Saturday, November 11, 2023

Looker and GitLab

 Looker is a category-defining enterprise analytical tool from Google Cloud and Git is the world-class versioning tool. As Looker provides IDE to develop content using LookML language, GitHub, GitLab are web based platforms that uses Git to version the code and also provide advanced collaboration and DevOps features.


Recently I ran into an issue where I was successfully able to migrate code from my personal GitLab branch to the master branch (dev environment). But when I tried to merge my changes with the test branch for UAT, I got error that said "The source branch is 2 commits behind the target branch". I could not understand it as the test branch is protected and no one could modify it directly. 


With bit of learning Git and the way merging and squashing works I realised the cause behind it. The first time I tried to merge my changes from master (dev) to test branch (UAT), it went all fine. While creating that merge request I checked the option "Squash all commits" in GitLab. This caused all the different commits in master branch to be combined in a single commit with new hash value. Then the second time I tried to create a merge request I chose to not select the squash all commits option. This made GitLab to compare the master and test branch and check that the commits with same hash exists in both the places.

Ideally I would not need all the commits of master branch in the test branch, so as to keep it relatively clean. But I would want all the commits to exist in the master (dev) ranch. So, while creating the merge request to merge code from my personal branch to master, I need to ensure that I do not check the squash commit. But when I create merge request to merge code from master to test, then I need to select the squash option so that all the commits of master goes in to test as a single commit with new commit and hash value. But the challenge I will face is that it works for the first merge into test but the in the next merge, GitLab will not allow merging as the hash value between master and test will not match.
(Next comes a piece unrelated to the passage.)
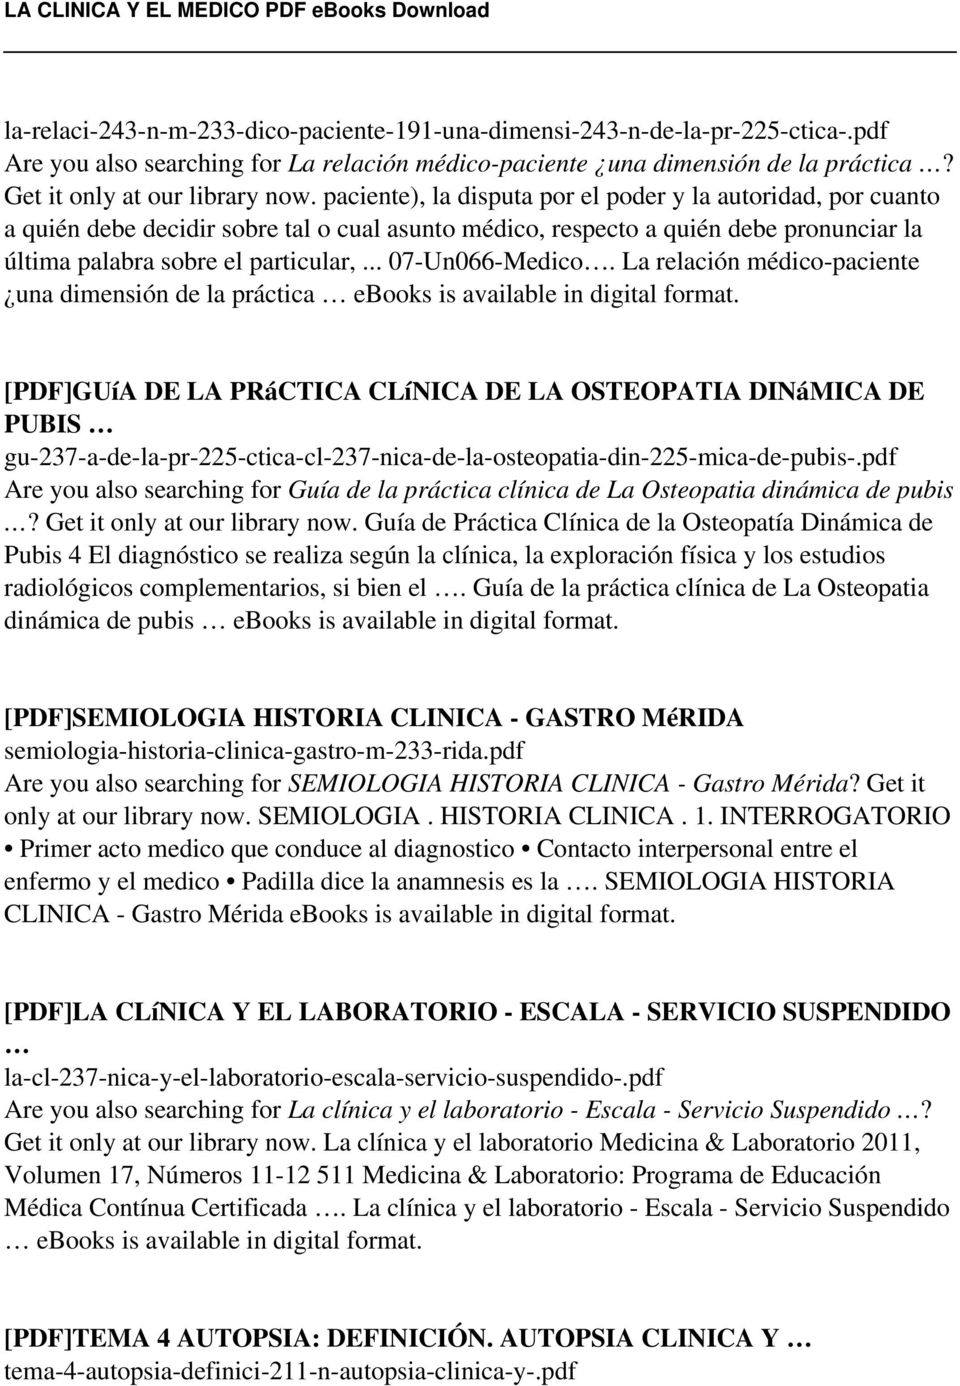 .. 07-Un066-Medico. La relación médico-paciente una dimensión de la práctica ebooks is available in digital format.

The solution I got working was to revert the earlier successful merge into test and then create a new merge request. This time I did not select squash all commits and though it showed the message "source is 2 commits behind the target" (which is the first successful merge with new has value and second merge for reverting the first merge with its own hash value). This approach will cause the test branch to contain all the commits from master branch but will work just fine.